Angevin Hanedanlığı Dönemi
1266 yılında Fransa’nın Angevin hanedanlığı, Sicilya Krallığı’na egemen olmuştur. Angevinler, Sicilya Krallığı’nı Normanların yerine yönetmeye başlamışlardır. Bu dönemde Sicilya Krallığı’nın sınırları, İtalya’ya doğru genişlemiş ve blokajı atlatarak daha büyük bir güç haline gelmiştir. Ancak, Angevinler Sicilya’daki halkla olan ilişkilerinde başarısız oldular ve halkın isyanlarına katlanmak zorunda kaldılar. 1282 yılında, Vesper Savaşı’nın patlak vermesiyle, halk Fransız hâkimiyetine karşı ayaklandı ve Sicilya Krallığı bağımsızlığını yeniden kazandı.
Angevin Hanedanlığı’nın Sicilya’ya hakimiyeti özellikle Palermo’da mimari ve sanat alanında ilerlemeye yol açtı. Bu dönemde inşa edilen kiliseler ve diğer yapılar, Gotik stilin en iyi örneklerinden biridir. Ayrıca dönemin önemli yazar ve şairleri, Sicilya’nın sanat ve kültür hayatına önemli katkılarda bulundular.

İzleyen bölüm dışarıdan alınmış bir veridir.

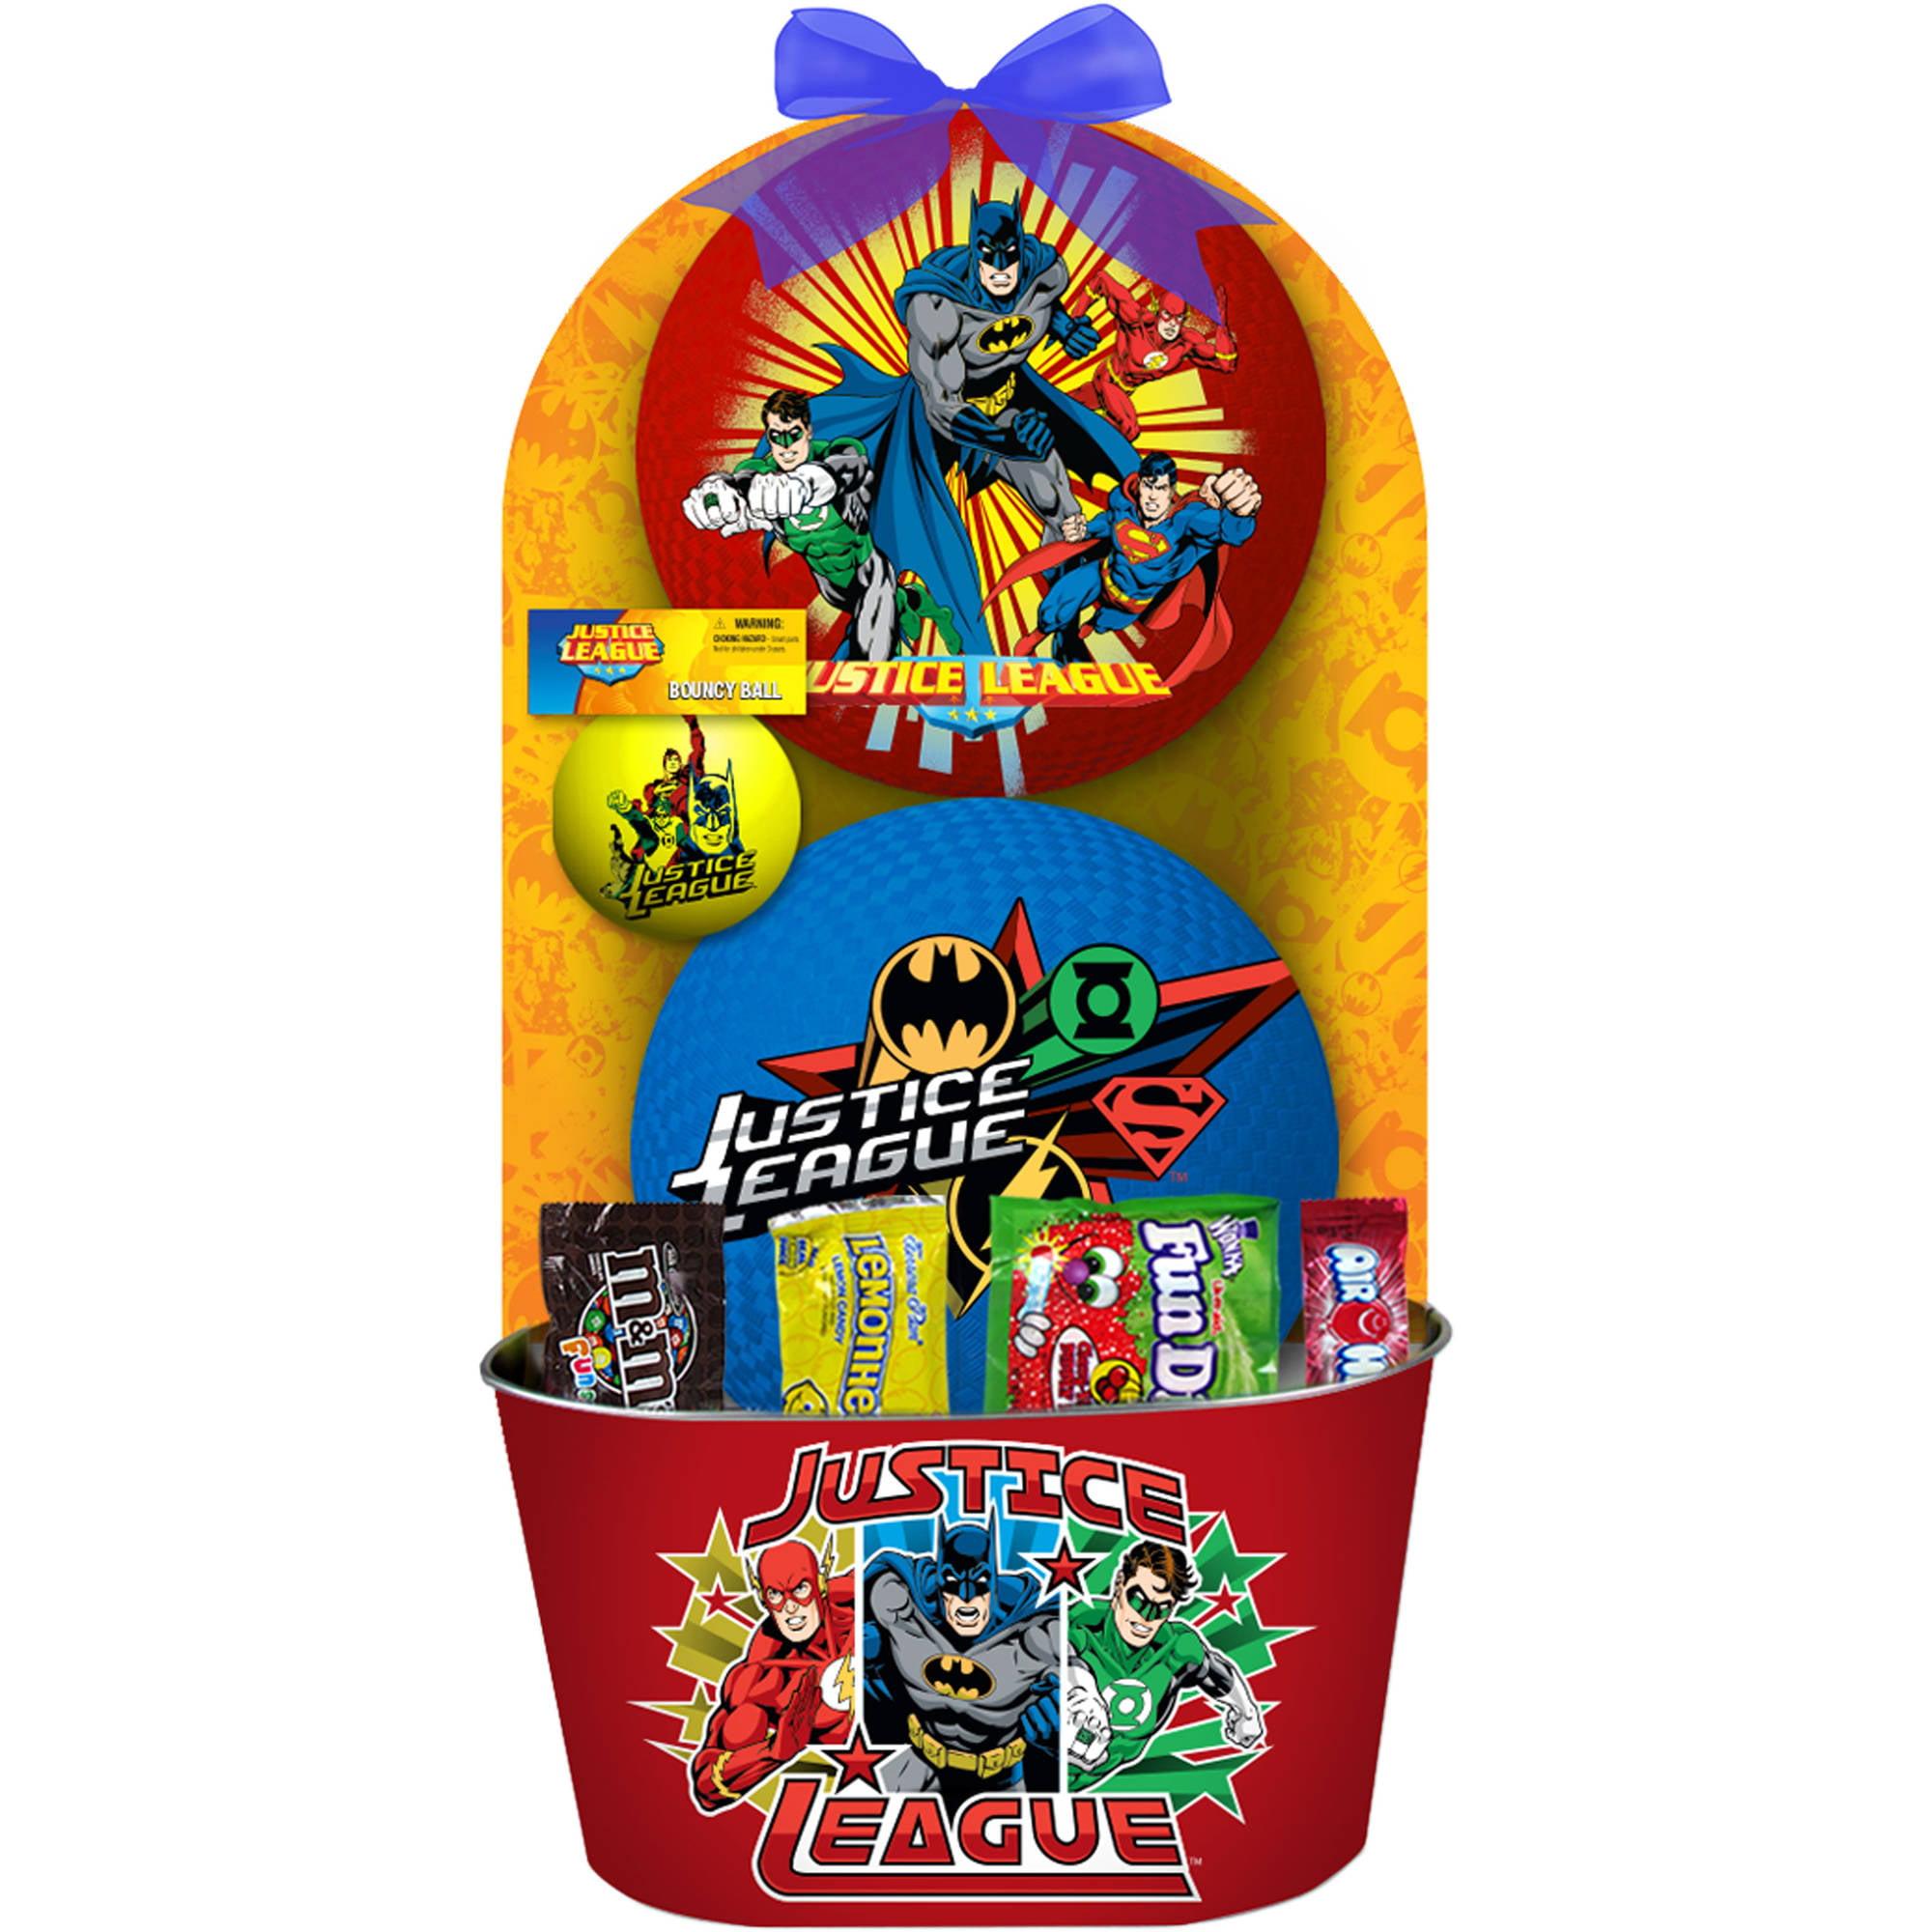 Justice League Easter BasketPc

- 1266 yılında Angevin Hanedanı, Sicilya Krallığı’nı ele geçirdi.
- Angevinler, Sicilya Krallığı’nın sınırlarını İtalya’ya doğru genişletti.

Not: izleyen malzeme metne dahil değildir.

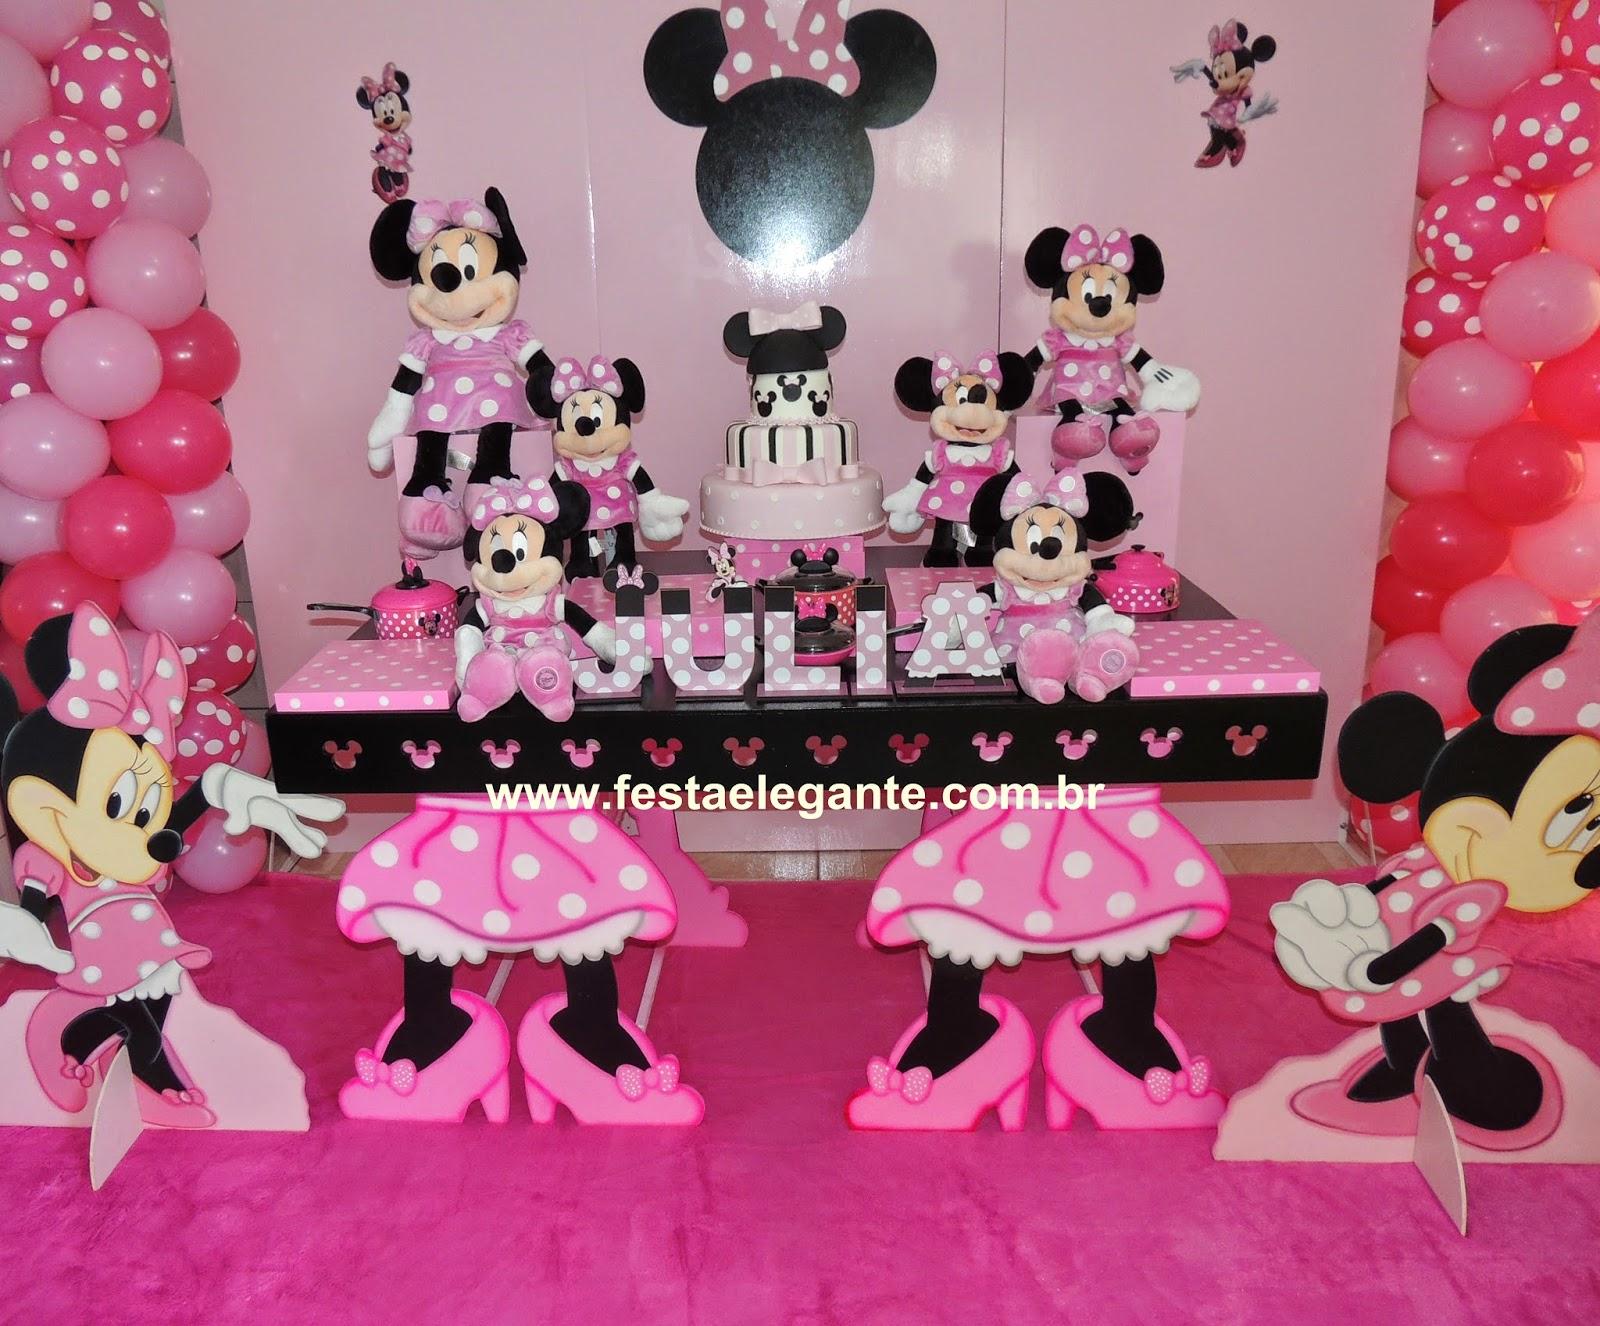 decoracao festa minnie rosa : decoracao festa minnie rosa: minnie rosa, festa minnie rosa, minnie rosa, personalizado minnie rosa

- Palermo’da mimari ve sanat alanında ilerlemeler kaydedildi.
- Dönemin yazar ve şairleri, Sicilya kültür hayatına önemli katkılarda bulundular.
- 1282 yılında, Vesper Savaşı’nın patlak vermesiyle, Sicilyalılar bağımsızlıklarını kazandılar.
Vesper Savaşı
Vesper Savaşı, Sicilya tarihinin en önemli olaylarından biridir. 1282 yılında Sicilyalılar, Fransız hâkimiyeti altındaki krallıklara karşı isyan ettikleri savaşa vermişlerdir. Bu savaşın sebebi, Fransız yönetiminin Sicilya’ya getirdiği ağır vergiler ve baskı politikalarıdır. Sicilyalılar, soygun ve tecavüz gibi ve bazı tutumlarının kabul edilemez olduğunu düşünerek, Vespri Siciliani olarak bilinen ayaklanmaya başladılar. Bu ayaklanmanın liderleri, Palermo’daki Latin hükümdarı Jaime ile kız kardeşi Violante’nin Kerrar ve Pisa’da katledilmesinden sonra Sicilyalılar tarafından seçildi. Vesper Savaşı, Sicilyalıların zaferiyle sonuçlanmış, bu da yüzyıllarca süren Fransız hâkimiyetine son vermiştir.
Palermo Parlamentosu
Sicilya Krallığı’nın Ortaçağ tarihinde en önemli yerlerden biri Palermo Parlamentosu’dur. 1412 yılında kurulan bu parlamento, Sicilya Kralı’nın yetkilerini sınırlandırmak için oluşturulmuştur. Parlamento, farklı sınıflardan temsilcileri içeriyordu ve üyeleri kral tarafından atandı. Sicilya Krallığı’nın İtalya Krallığı ile birleşmesi sonrasında da bu parlamento faaliyetlerine devam etmiştir.
Palermo Parlamentosu, tarihte önemli bir dönüm noktasıdır çünkü İtalyan tarihinin ilk parlamentolarından biridir. Parlamento, Avrupa’da yaygın olan Meclis tipi yönetim şeklini Sicilya’ya getirmiştir. Ayrıca kralların yetkilerini sınırlayan anayasal bir yapıya sahip olması, demokrasi açısından da önem taşımaktadır.
Palermo Parlamentosu ayrıca birçok önemli kararın alındığı bir merkezdi. Örneğin, parlamento üyeleri, Sahte Davut adı verilen bir komployu ortaya çıkardılar ve bu sayede krallığın içindeki yolsuzluklarla mücadele ettiler. Aynı zamanda parlamento, Sicilya Krallığı’nın İspanyol hakimiyetinden kurtulması için de önemli bir rol oynamıştır.
Genel olarak Palermo Parlamentosu, Sicilya krallarının yetkilerini sınırlandırarak, Sicilya Krallığı’nın tarihinde önemli bir yer edinmiştir. Parlamento, Sicilyalıların demokratik değerlere olan inancını gösterirken, Avrupa tarihinin de ilerlemesinde önemli bir rol oynamıştır.